Data provided =
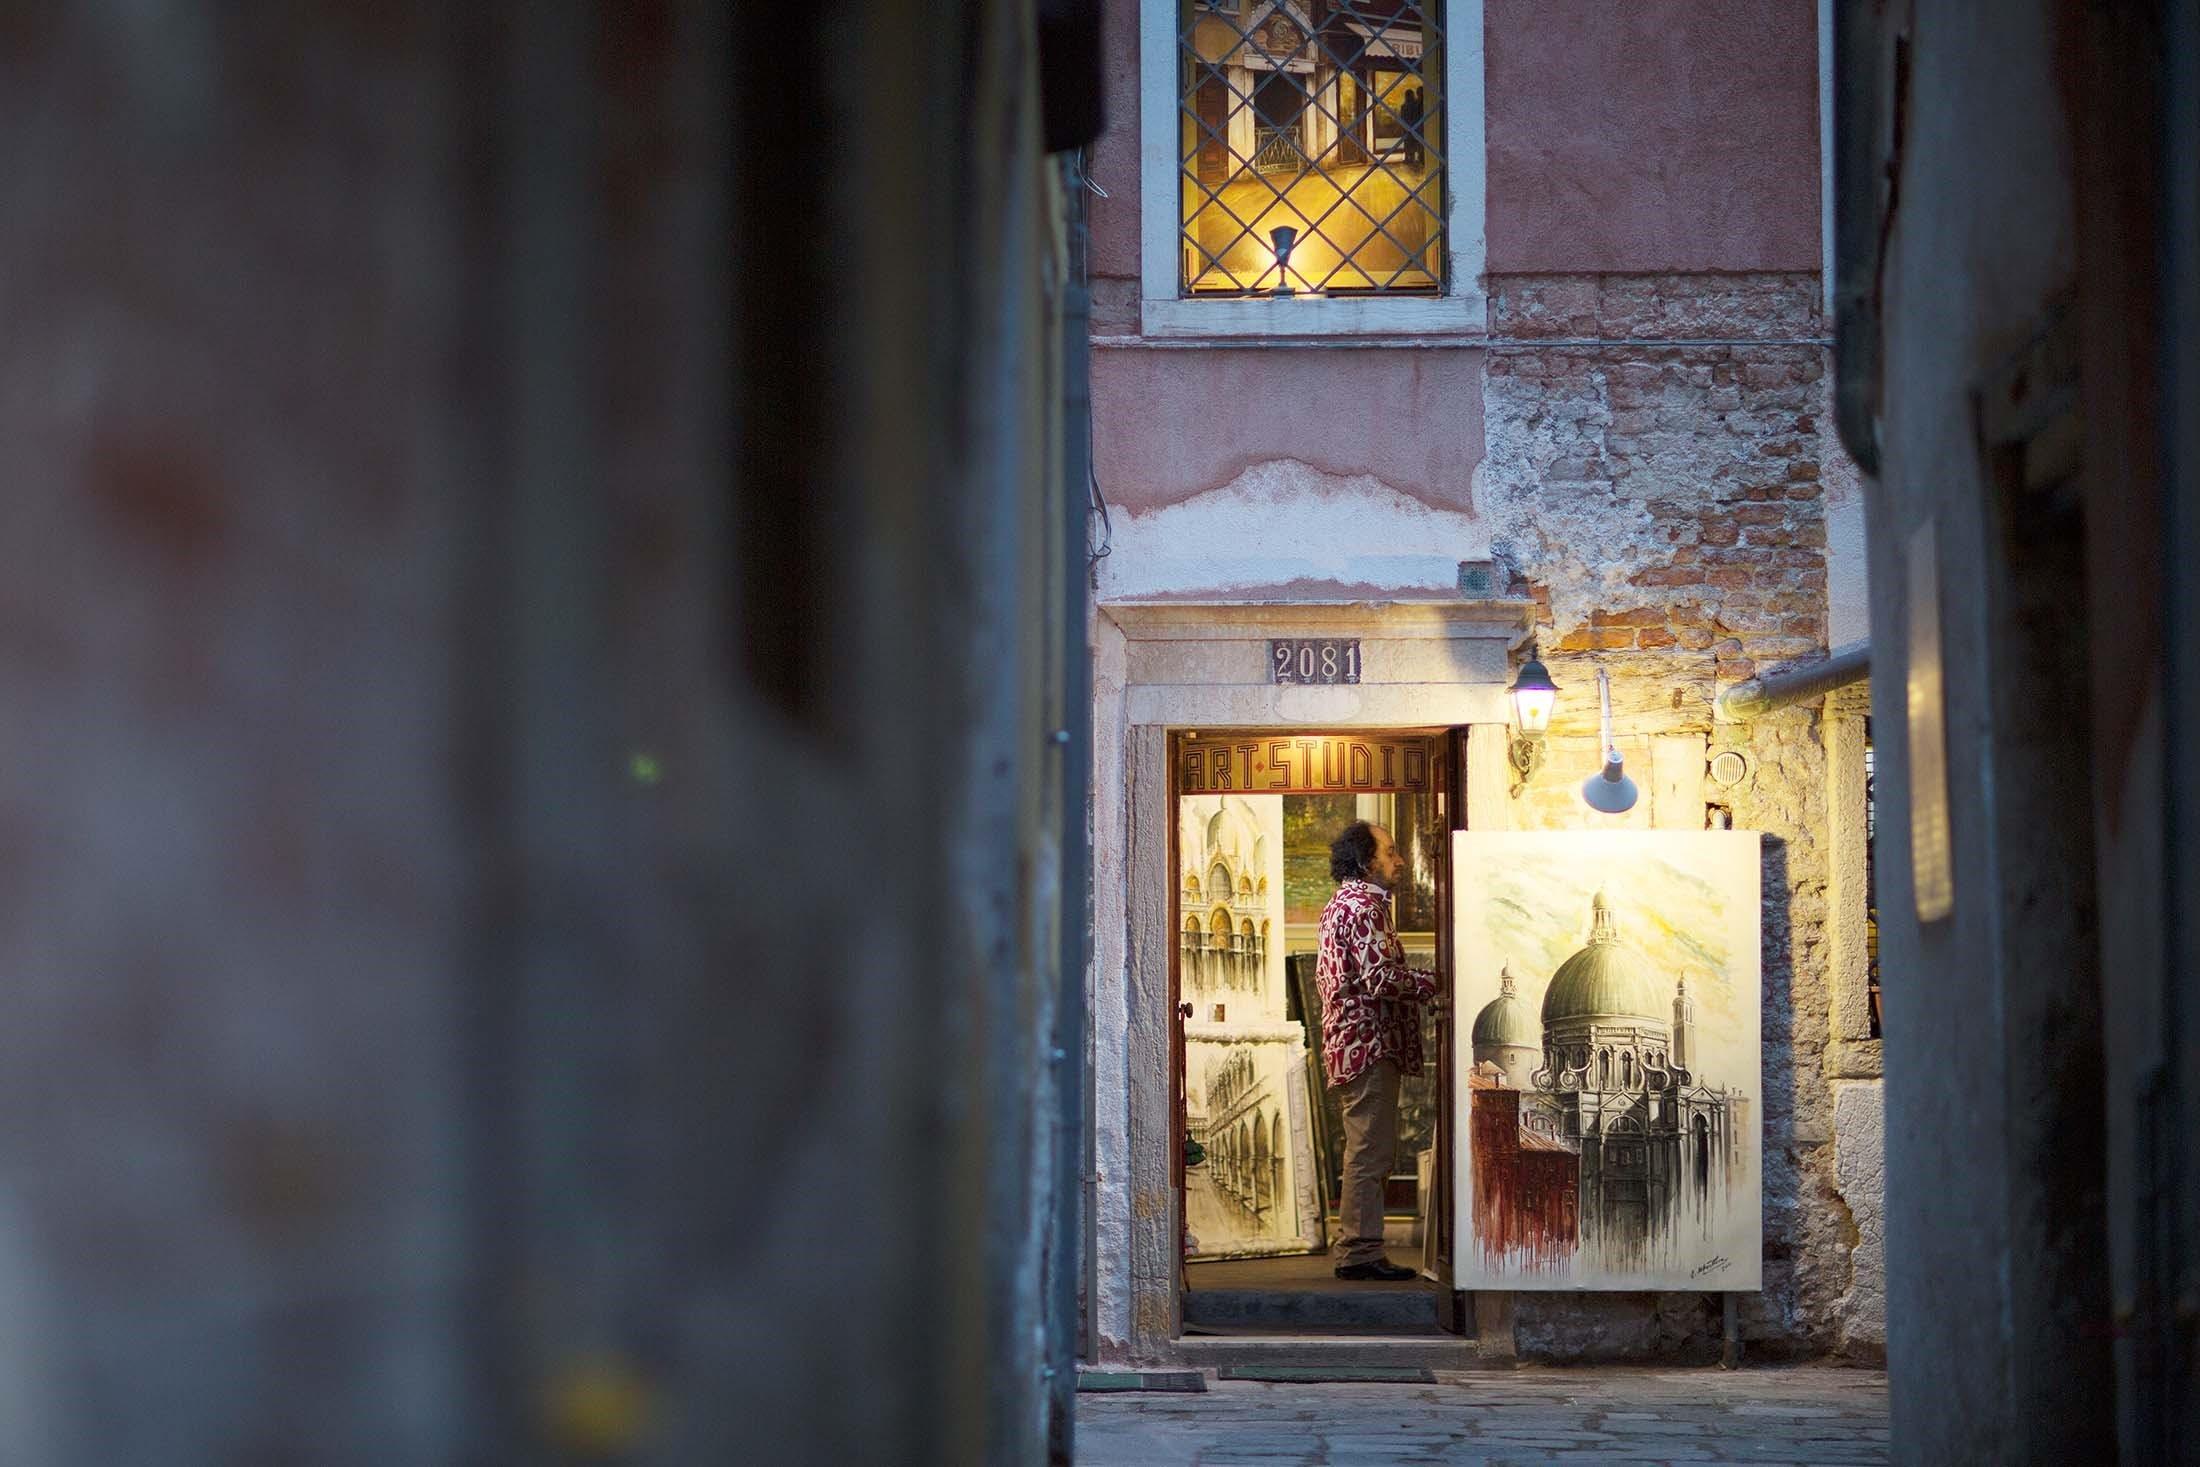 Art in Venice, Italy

* * *

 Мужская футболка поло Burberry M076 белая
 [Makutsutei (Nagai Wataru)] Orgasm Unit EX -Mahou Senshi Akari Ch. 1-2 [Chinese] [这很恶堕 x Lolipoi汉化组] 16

Instructions to follow =
Everything above from the line containing "Мужская футболка поло Burberry M076 белая" down to the line containing "[Makutsutei (Nagai Wataru)]" is to be transcribed exactly, with both of those lines included and nothing else added.

Written response =
 Мужская футболка поло Burberry M076 белая
 [Makutsutei (Nagai Wataru)] Orgasm Unit EX -Mahou Senshi Akari Ch. 1-2 [Chinese] [这很恶堕 x Lolipoi汉化组] 16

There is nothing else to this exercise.